In between smuggling paintings and, in the most humanizing moment in the episode for any character, bonding with a trafficked Russian girl over Two And A Half Men. Ray gets to know Kovinsky a little better, and, while fretting over Abby, learns about Sonia’s own mastectomy. The prognosis isn’t good, she says, the cancer is a bird. Where a tortoise can be caught, and a rabbit can be chased, a bird just flies away. It’s a pretty, elegant metaphor that fleshes out Sonia’s mystique. That mystique is somewhat lessened when she invites Ray into a makeshift planetarium, bombards him with cosmic imagery, gets naked, and repeatedly makes him tell her she’s beautiful. That’s… one way to make a first date memorable I guess?

Too bad Ray can’t stay for long: it’s Maria’s baptism, where nothing happens except everyone getting completely wasted. Conor and Damon steal a bottle of whisky and retreat upstairs, where Damon tells Conor the suburbs are boring and we get the dialogue exchange of the night:

CONOR: It’s Calabasas
DAMON: Cala-asses more like
CONOR (laughs) That’s actually pretty funny

Later they get wasted and shoot up a bouncy house. Boys will be boys!

Amidst the celebrations (Bridget plays the guitar and Bunchy tearfully confronts Abby over her hiding her cancer. Has Bunchy ever had a thought he hasn’t immediately expressed?) Ray receives a brief phone call from Mickey. His dad’s been formally charged with the great Armenian massacre, after gleefully recounting the events to a skeptical agent. He’ll be in jail for the rest of his life, but in turn facilitates the release of Belikov, who gives Ray a warm “fuck you” welcome when the two meet again face to face. Ray, at least, is on somewhat safe ground with the Russians again, thanks to his father’s sacrifice.

That safe ground doesn’t last long. Desperate to wash his hands of Belikov, Ray delivers a big sack of money personally to the Russian’s crime mansion, declaring himself out of the game. A subdued Belikov tells him to keep the money in return for one more favor: disposing of the body of Ray’s favorite Jon Cryer superfan. It’s a reveal you see coming the moment they first meet, but Ray’s distress is palpable. Liev Schrieber is a terrific actor, but his portrayal of Ray Donovan is only given so much room to maneuver most of the time. His holding back tears during his phone call with Mickey, and his restrained heartbreak over the Russian girl’s death is more range than we’ve seen from him in forever, and it helps elevate a “meh” twist.

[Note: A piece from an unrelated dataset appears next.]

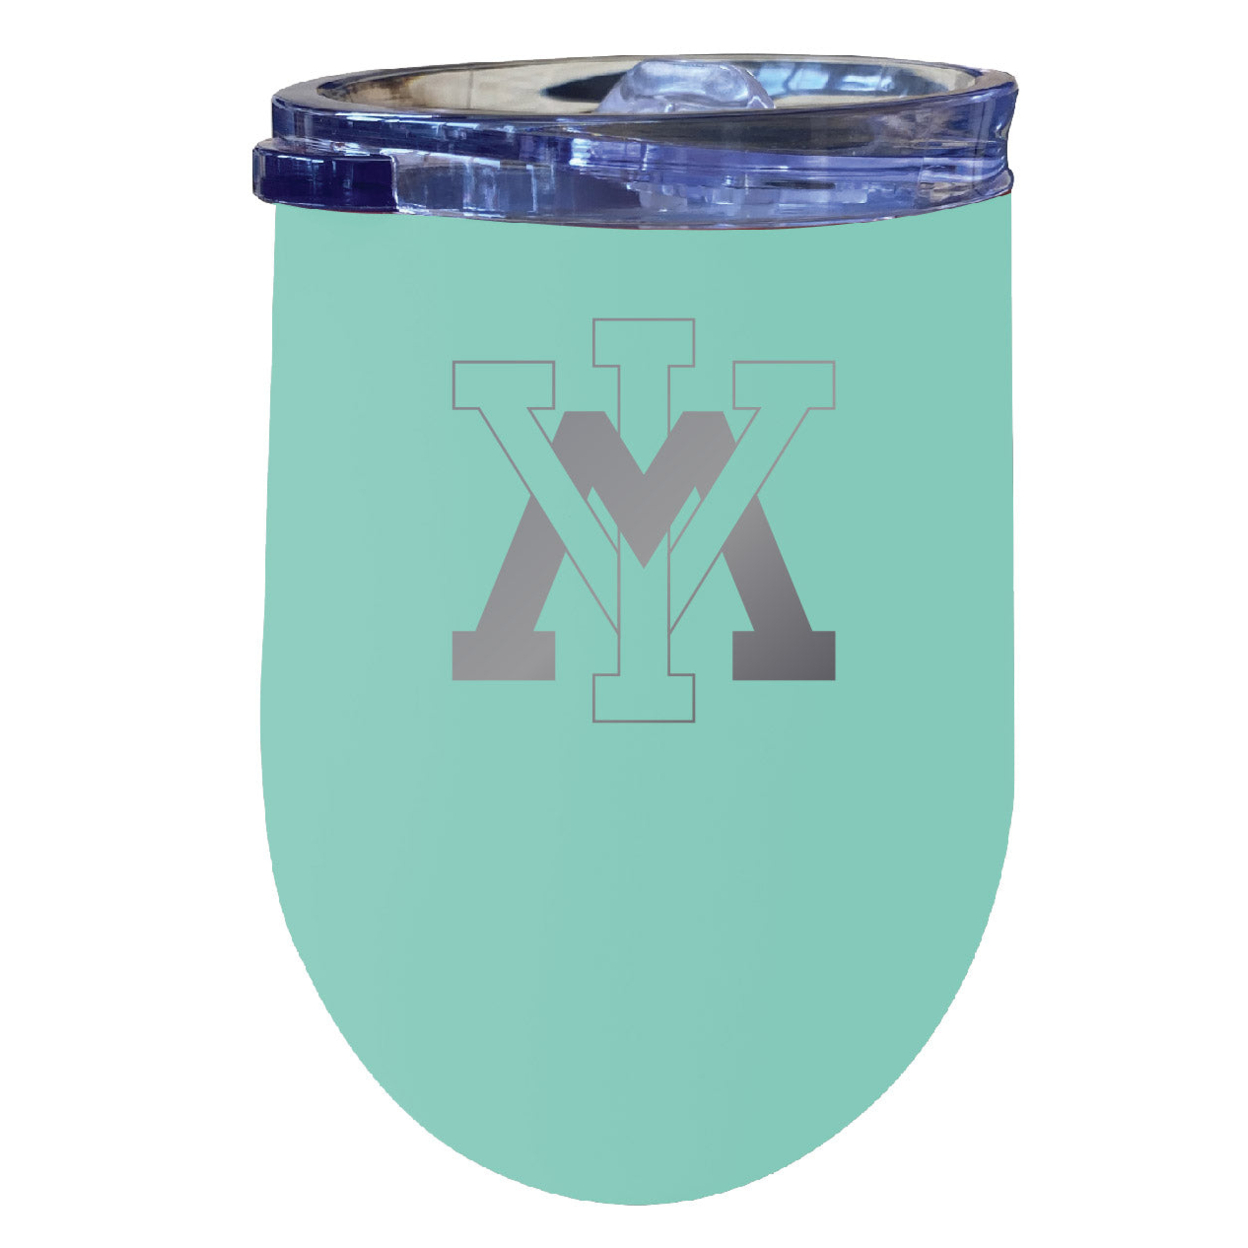 VMI Keydets 12 Oz Etched Insulated Wine Stainless Steel Tumbler - Choose Your Color - Navy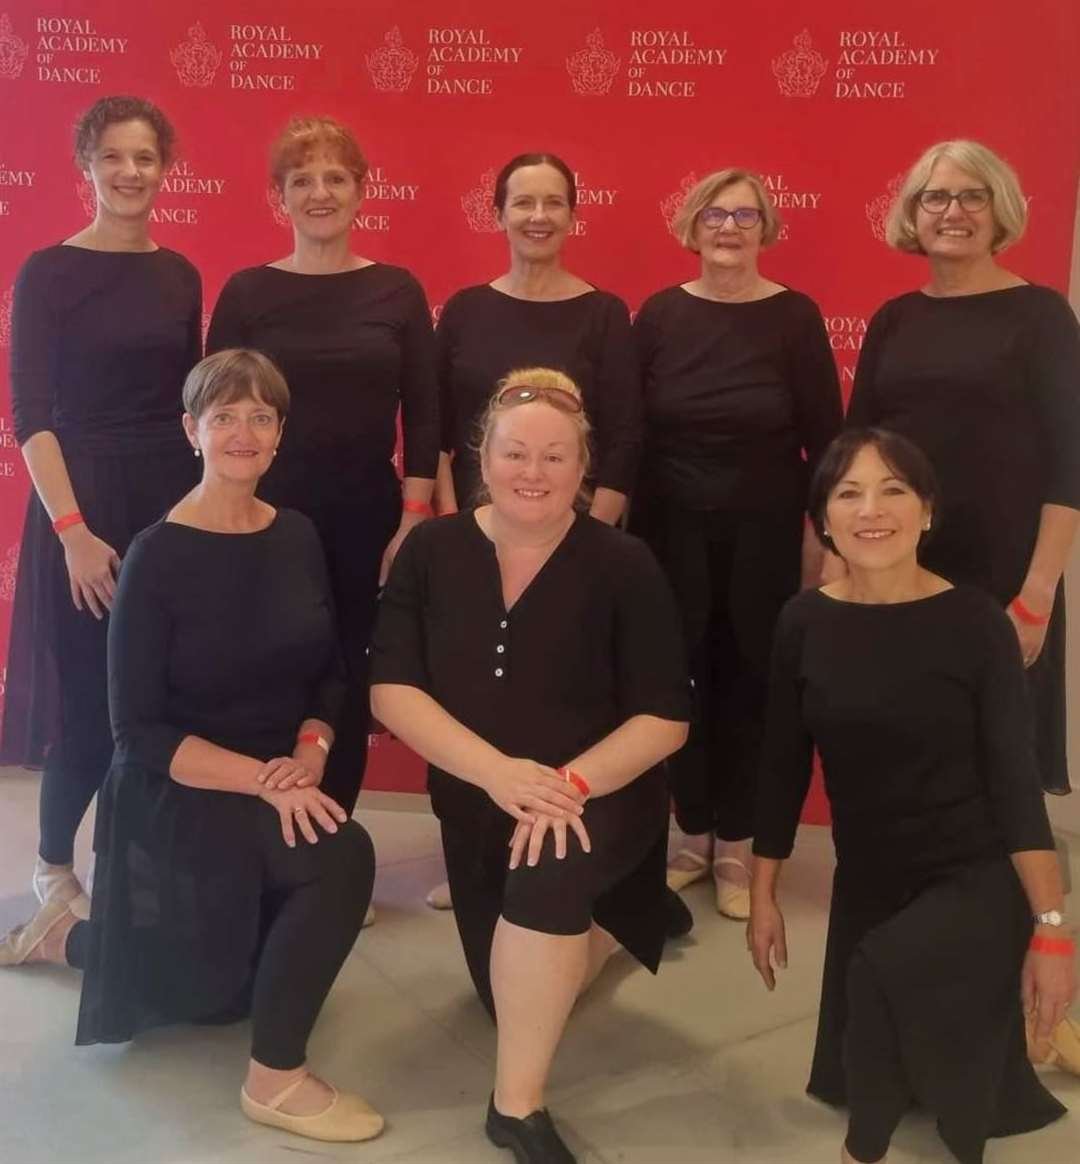 The seven Silver Swans along with their ballet teacher Amy Taylor at the Royal Academy of Dance. | Image: Supplied

The (we must assume) murder of the girl is a step too far for Ray, who’s drunk and dangling by a thread anyway. At the dock, where Belikov tells him they’ll stuff the girl into a crate and ship them to his people in Moscow, he snaps and murders Belikov. It’s a visceral, brutal moment, and more shocking/affecting than I’ve come to expect of this show. Ray stuffs Belikov’s body in the Moscow-bound box and gives his friend the most honorable burial a man like him is capable of: dumping her outside a morgue wrapped in a topsheet.

Ray’s retribution feels justified, but it’s cast in an ugly light given Mickey’s situation: who is now in jail pretty needlessly thanks to Ray re-inviting the fury of the Russian mob. Repercussions are coming, but I hope it’s more than just another gang shootout Ray will have to face.